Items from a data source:
▽

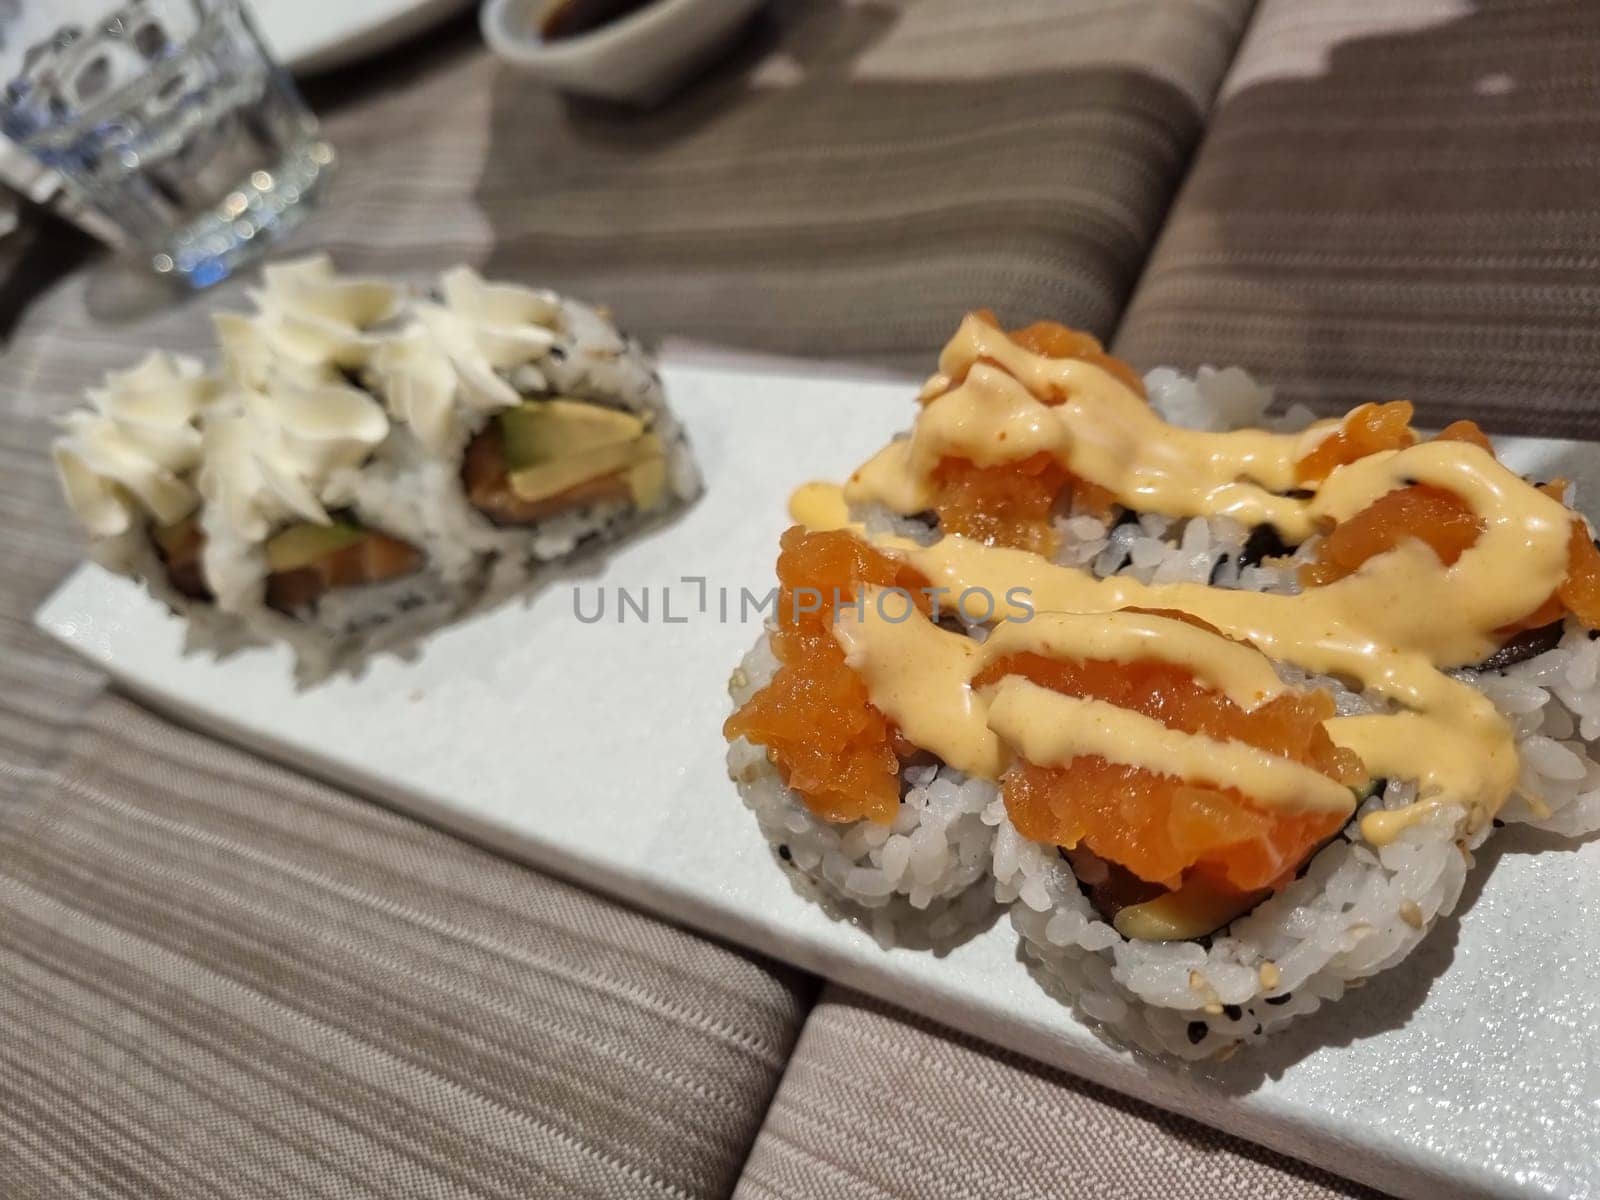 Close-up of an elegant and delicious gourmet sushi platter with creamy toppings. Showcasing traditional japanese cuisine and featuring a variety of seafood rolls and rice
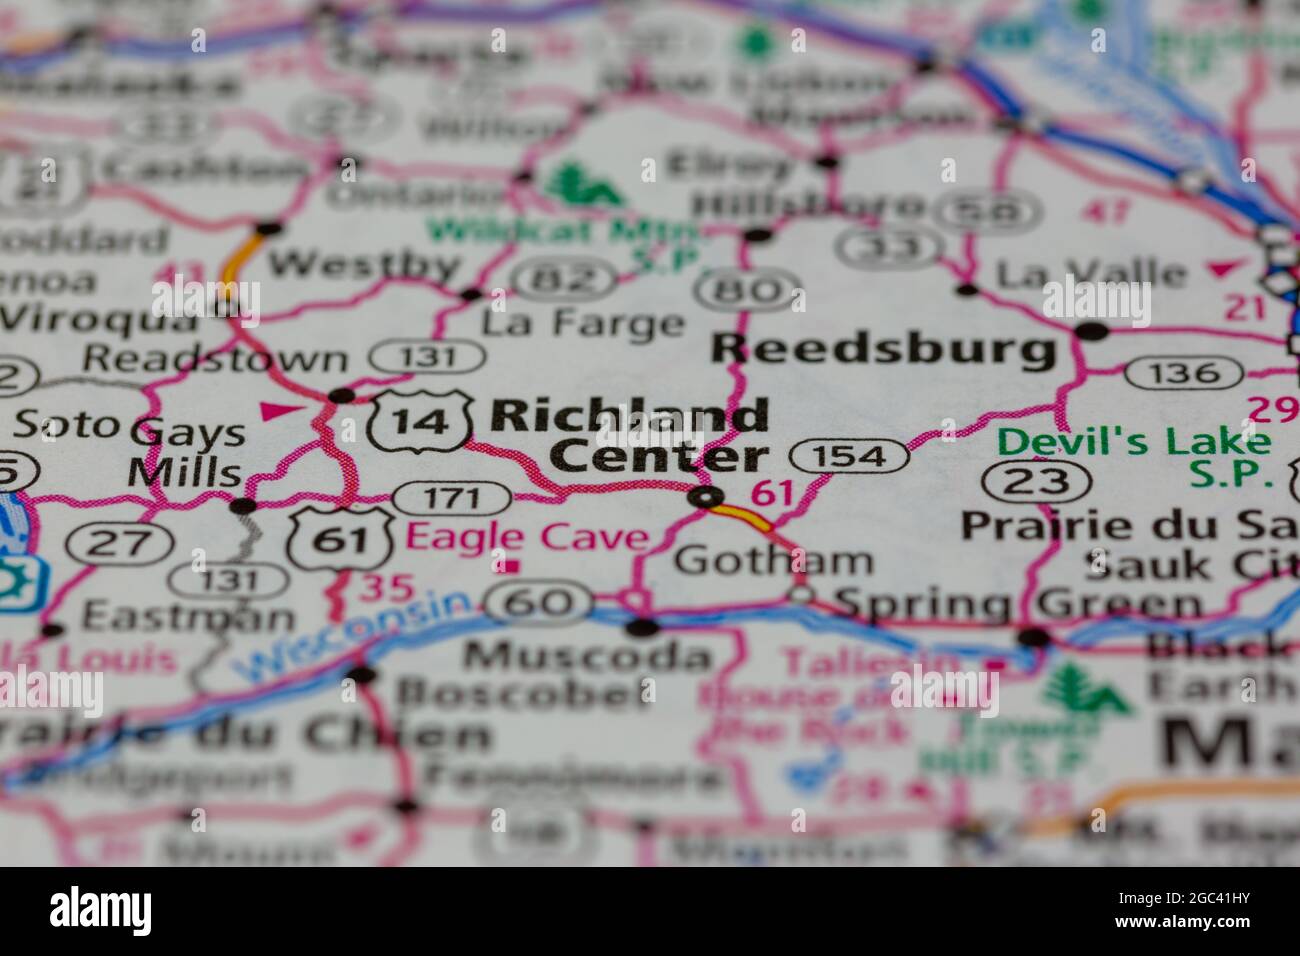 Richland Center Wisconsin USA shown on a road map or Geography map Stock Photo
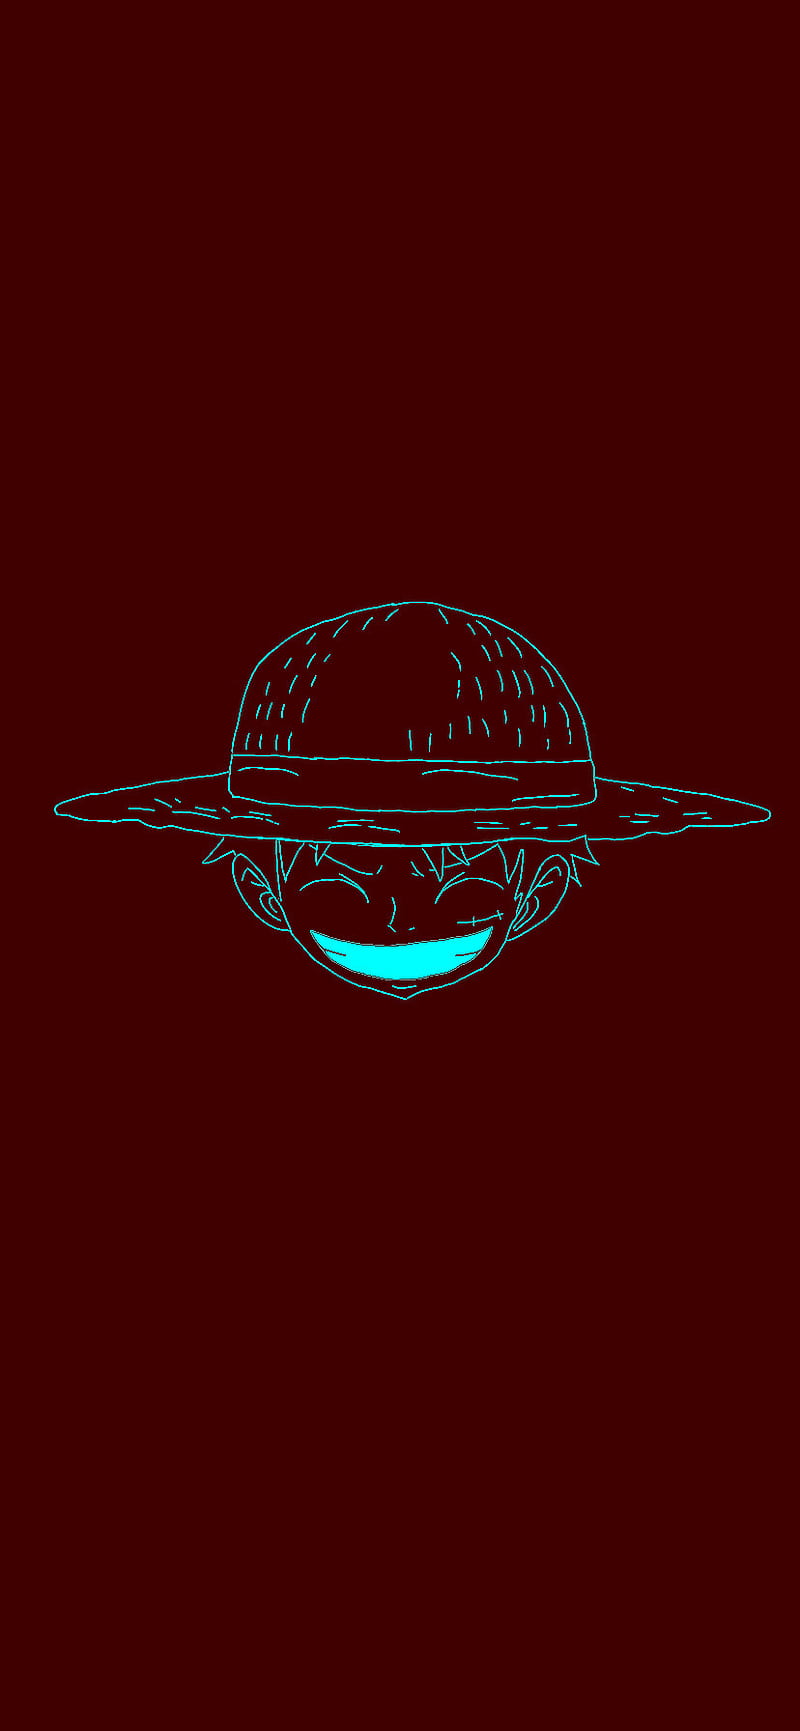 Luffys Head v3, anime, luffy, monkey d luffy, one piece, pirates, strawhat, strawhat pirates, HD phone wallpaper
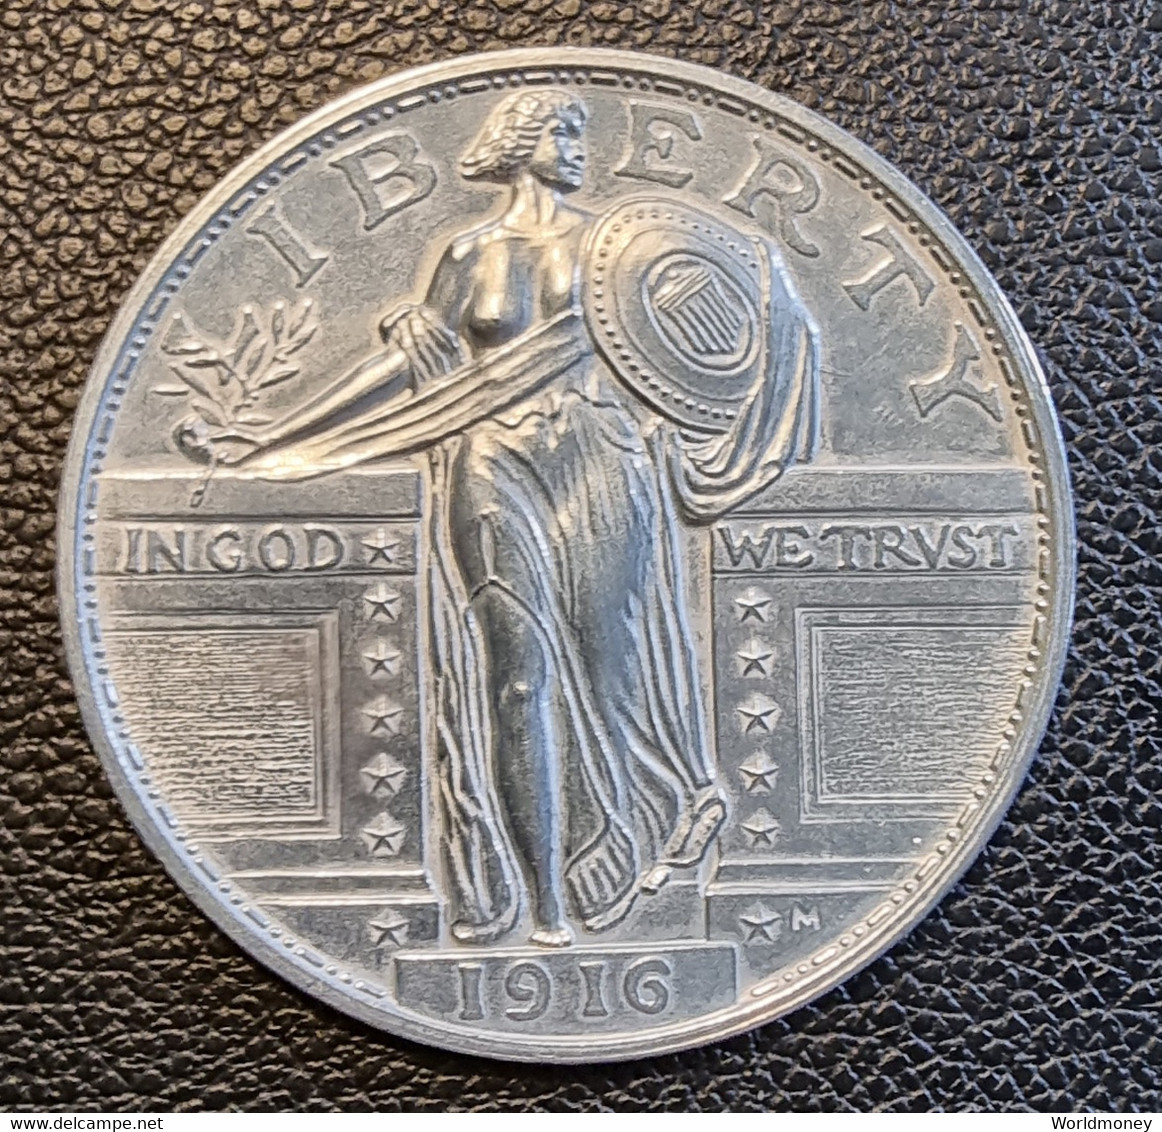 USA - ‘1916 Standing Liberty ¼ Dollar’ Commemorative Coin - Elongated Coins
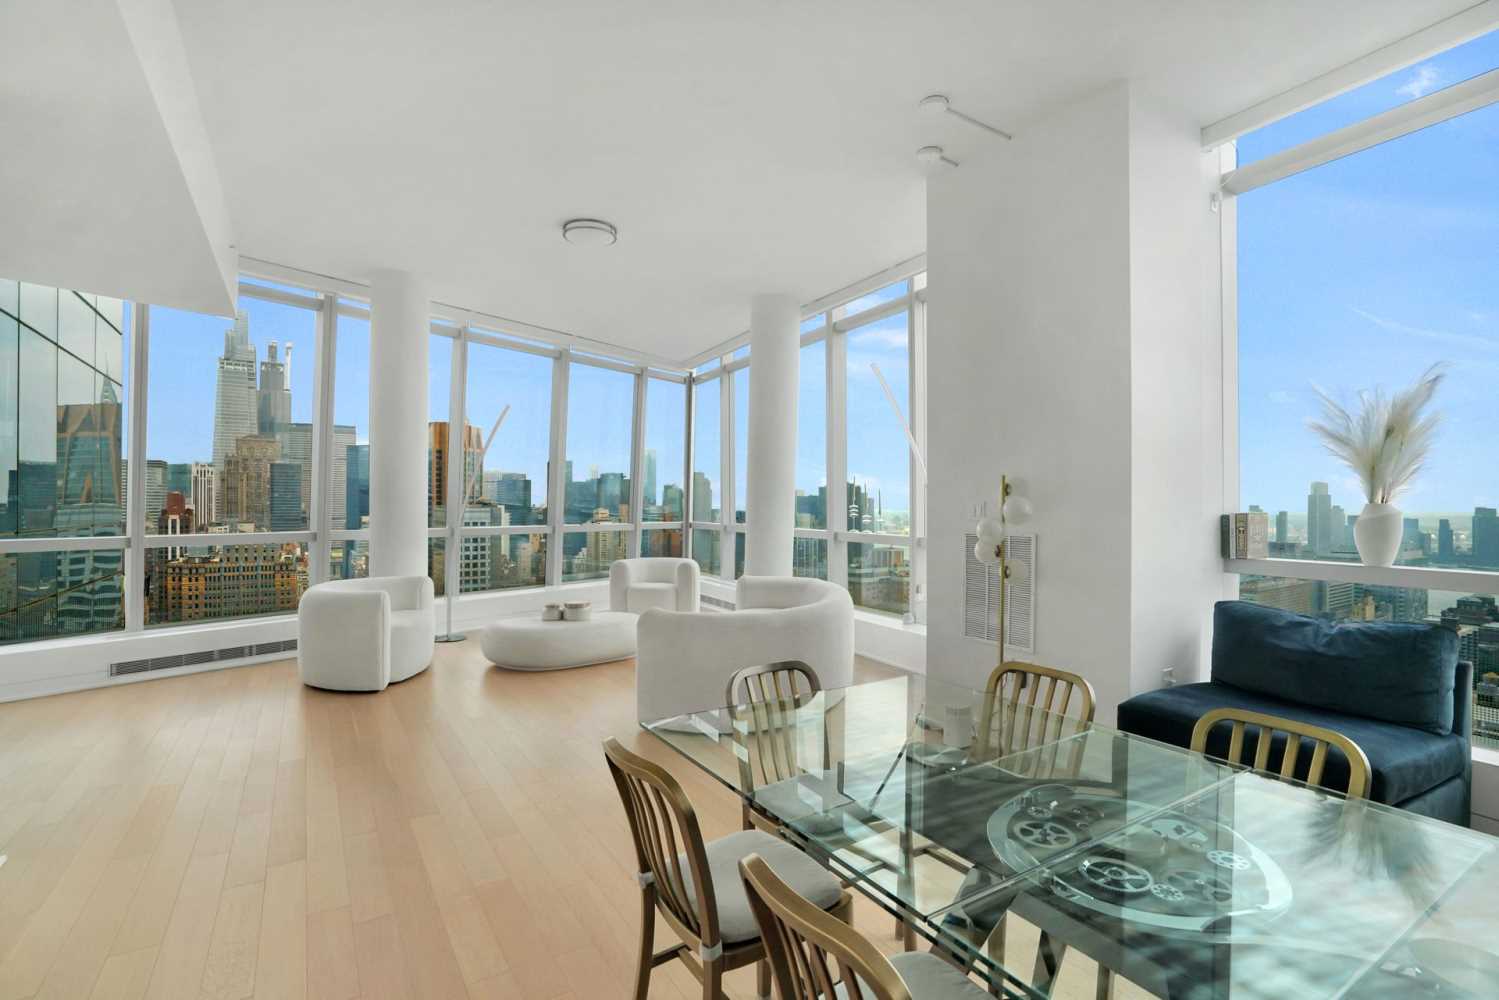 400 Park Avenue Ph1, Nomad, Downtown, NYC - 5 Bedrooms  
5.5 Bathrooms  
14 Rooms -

△

None of the pictures belong in the copy; transcribe the rest of the data exactly.

Solution to the exercise:
 Close-up of an elegant and delicious gourmet sushi platter with creamy toppings. Showcasing traditional japanese cuisine and featuring a variety of seafood rolls and rice
 Richland Center Wisconsin USA shown on a road map or Geography map Stock Photo
 Luffys Head v3, anime, luffy, monkey d luffy, one piece, pirates, strawhat, strawhat pirates, HD phone wallpaper
 USA - ‘1916 Standing Liberty ¼ Dollar’ Commemorative Coin - Elongated Coins
 400 Park Avenue Ph1, Nomad, Downtown, NYC - 5 Bedrooms  
5.5 Bathrooms  
14 Rooms -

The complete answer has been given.